Pest Control Operator Is Concerned About EPA Policies

March 26, 2002

The owner of a Toledo, OH, area pest control company appeared Monday before a congressional panel in Bowling Green, KY, to voice concern over practices used by the Environmental Protection Agency (EPA) to enforce a 1996 pesticide law.

Bob Marquette, testifying as the President of the Ohio Pest Control Association and a member of the National Pest Management Association, claimed that hasty decisions made in the past by the EPA have cost pest control professionals numerous valuable pest control tools.
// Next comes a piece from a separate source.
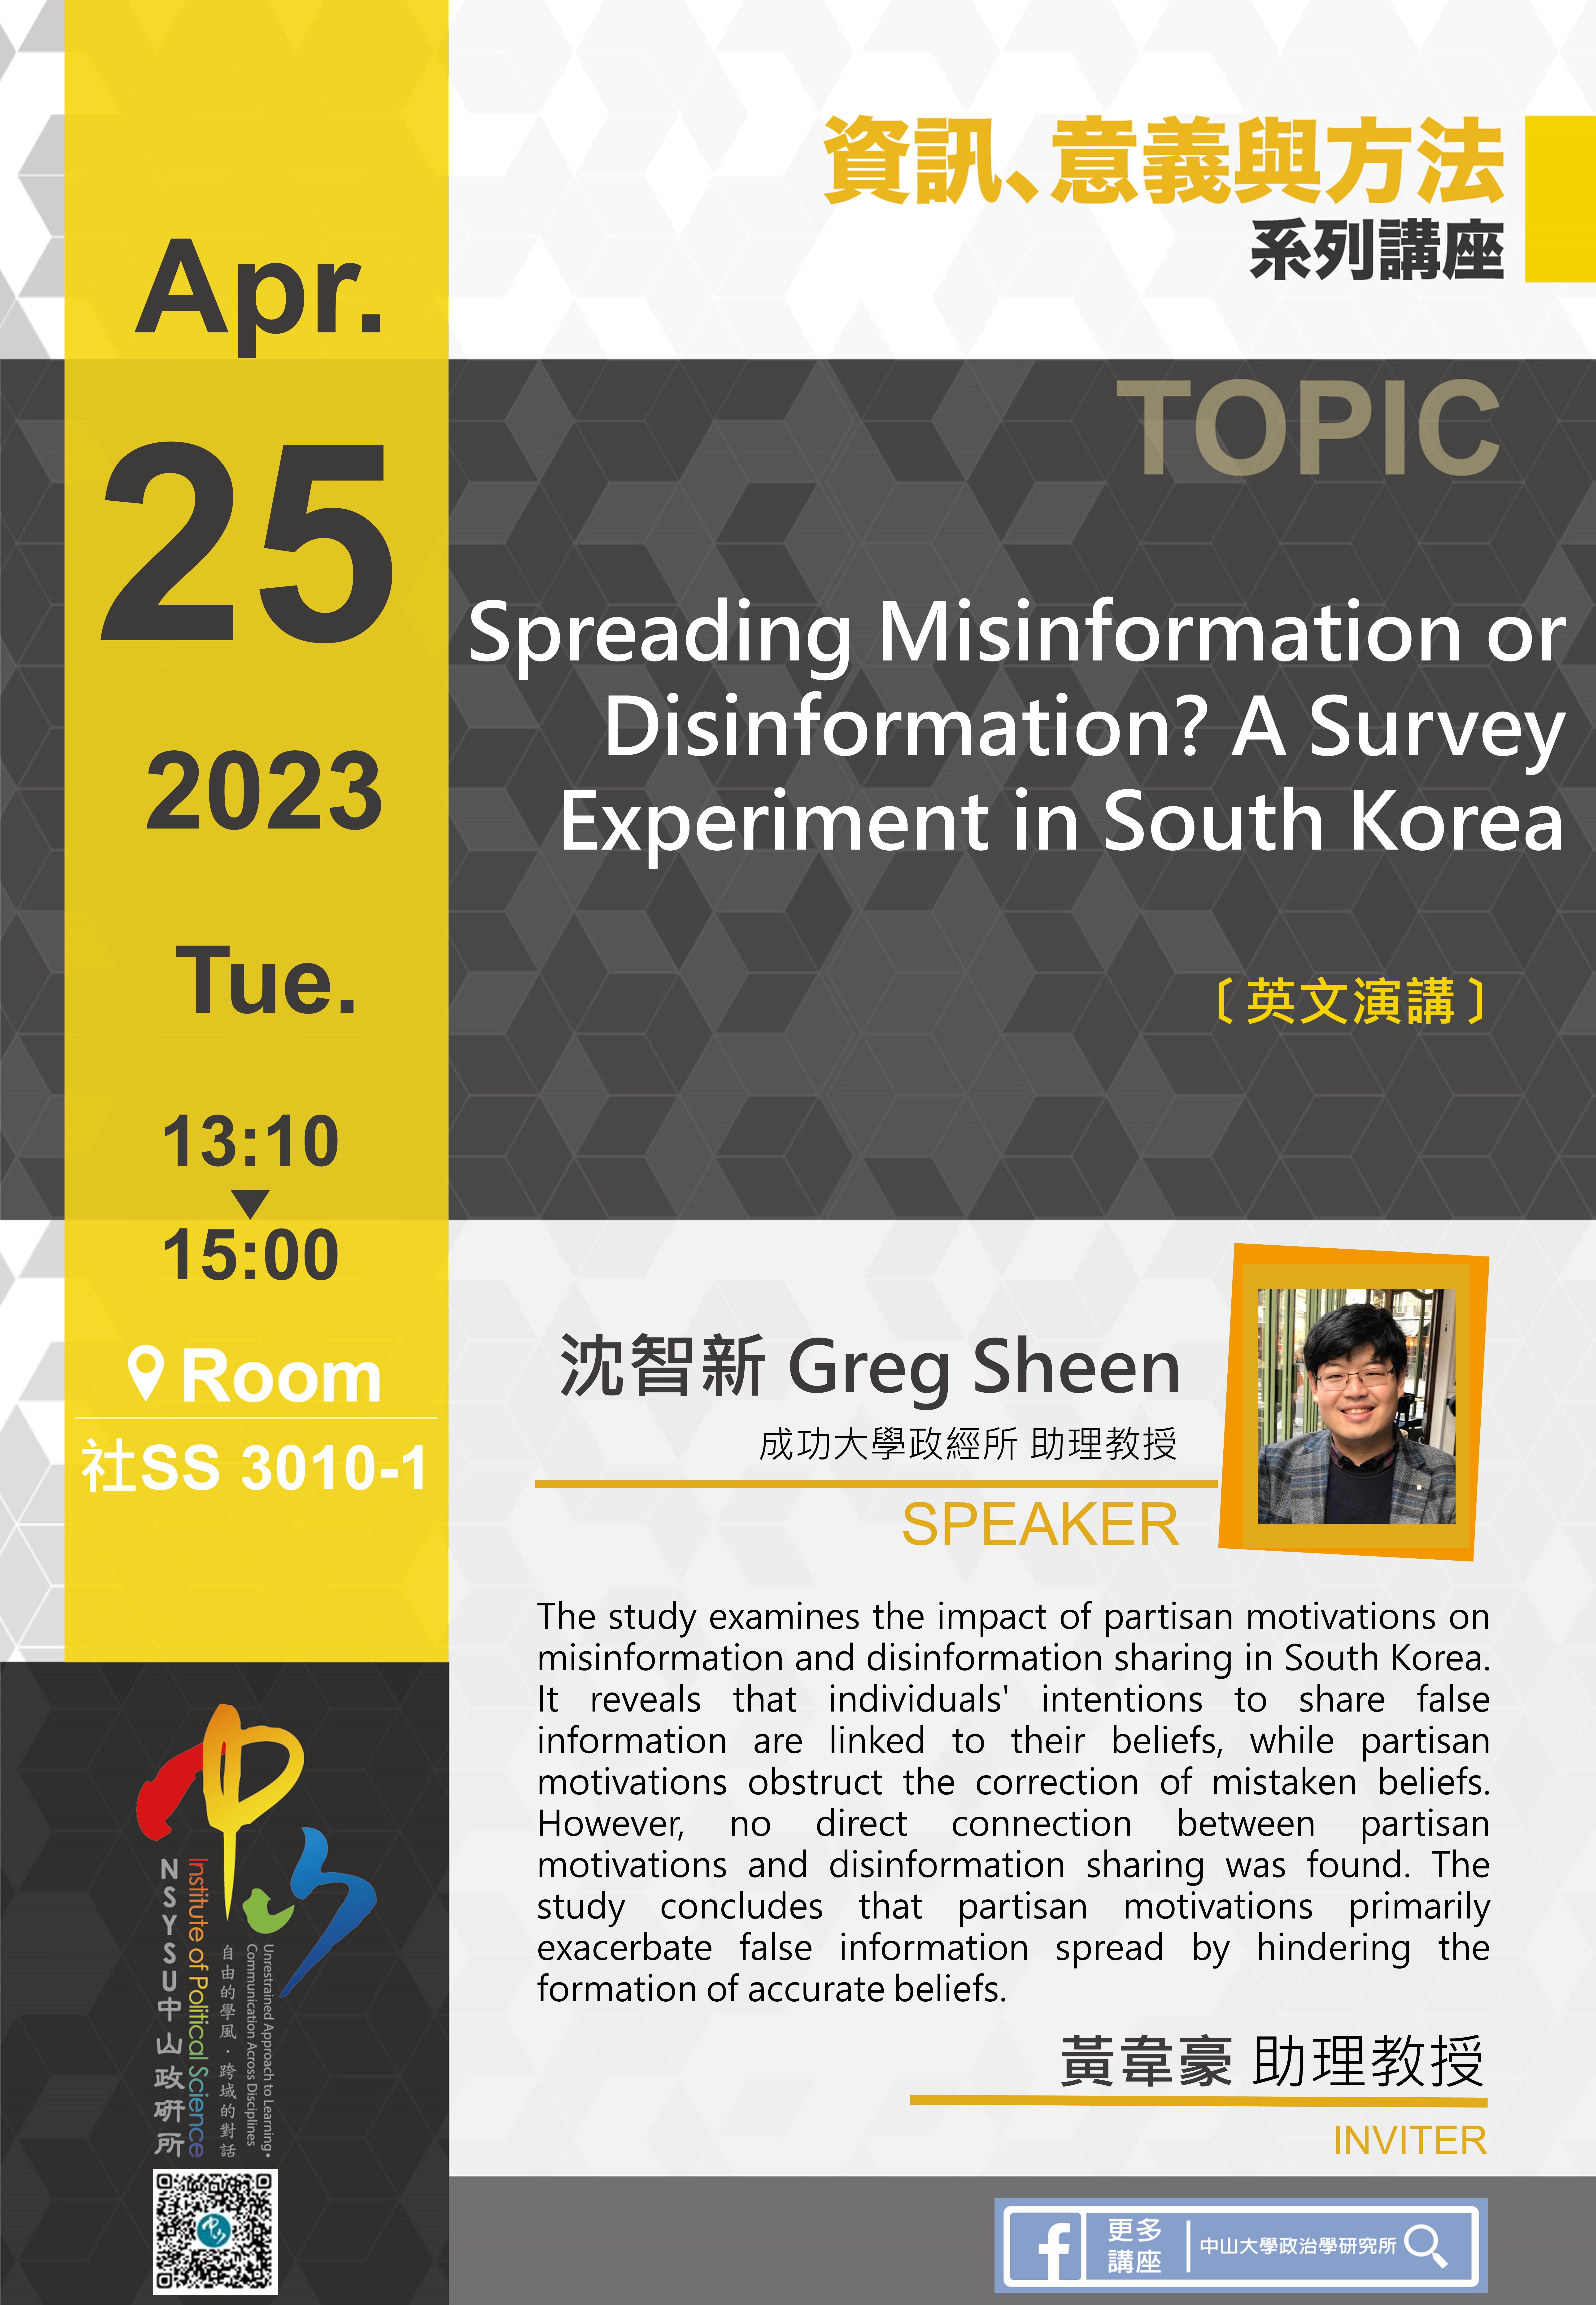 沈智新 Greg Sheen：Spreading Misinformation or Disinformation? A Survey Experiment in South Korea

He said he wanted to be sure that future decisions by the EPA were based on sound science, not rhetoric or politics.

"Despite not having reliable data upon which to base decisions about the future availability of valuable pest control products that my company and many others use to safeguard the health and property of Northern Ohioans, the EPA previously rushed to judgment anyway," Marquette told the committee. "Now the pest management industry and - more importantly - its customers may be more vulnerable to dangerous and destructive pest infestations."

Infestations of many pests are proven health hazards. For example, children's asthma has been linked to cockroach allergens; ticks carry Lyme disease; mosquitoes carry West Nile Virus, and; rodents are hosts for hantavirus.
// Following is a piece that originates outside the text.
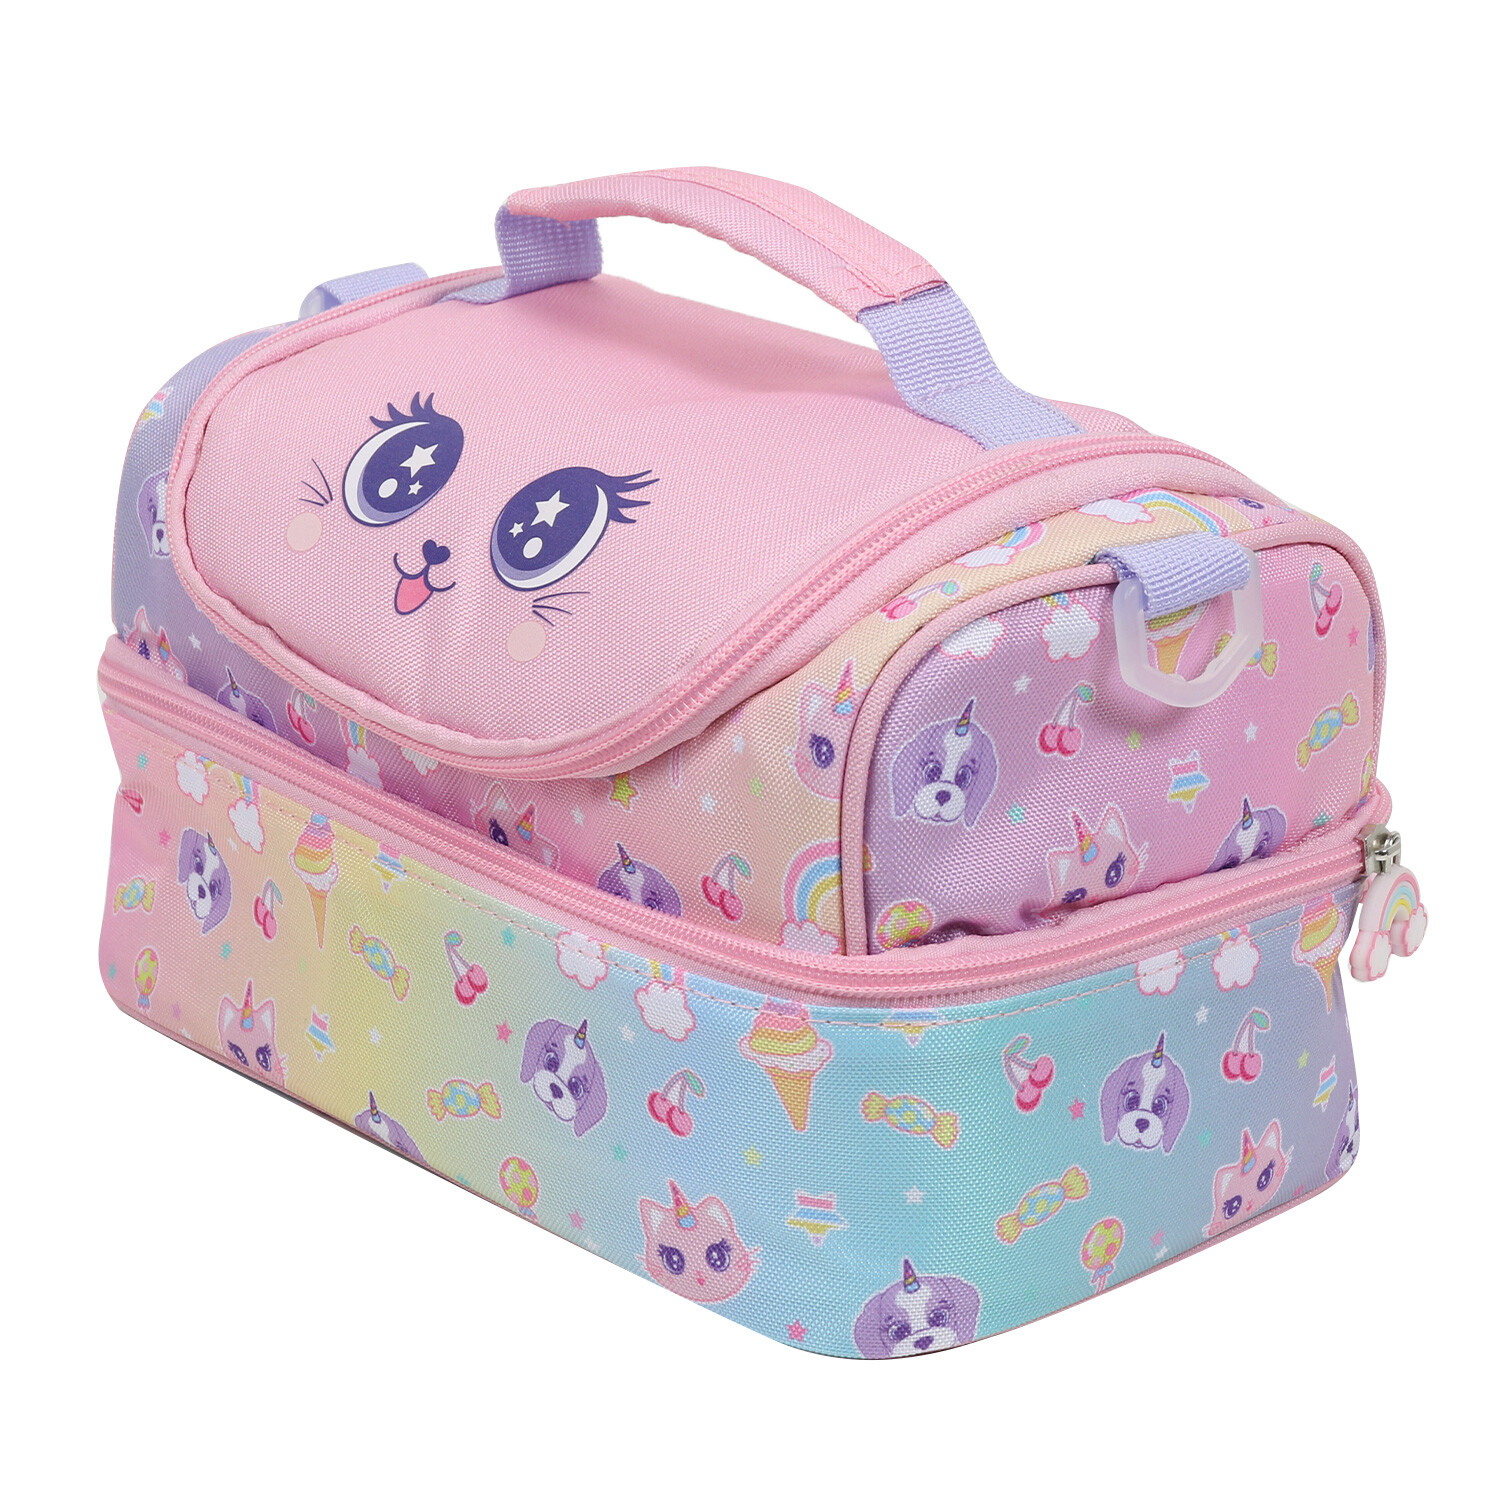 i-doodle Pet Pals Lunch Bag - Pink Image 2

Many products have been lost to the pest control industry over the past few years -- tools upon which the industry previously relied to control cockroaches, termites, stinging insects and numerous other harmful pests.

The panel, the House Energy and Commerce Subcommittee on the Environment and Hazardous Materials, heard testimony from Marquette, the EPA and U.S. Department of Agriculture officials, farmers and others at Wood County Courthouse in Bowling Green to evaluate the EPA's implementation of the Food Quality Protection Act of 1996. U.S. Representative Paul Gillmor (R-Old Fort) chairs the subcommittee.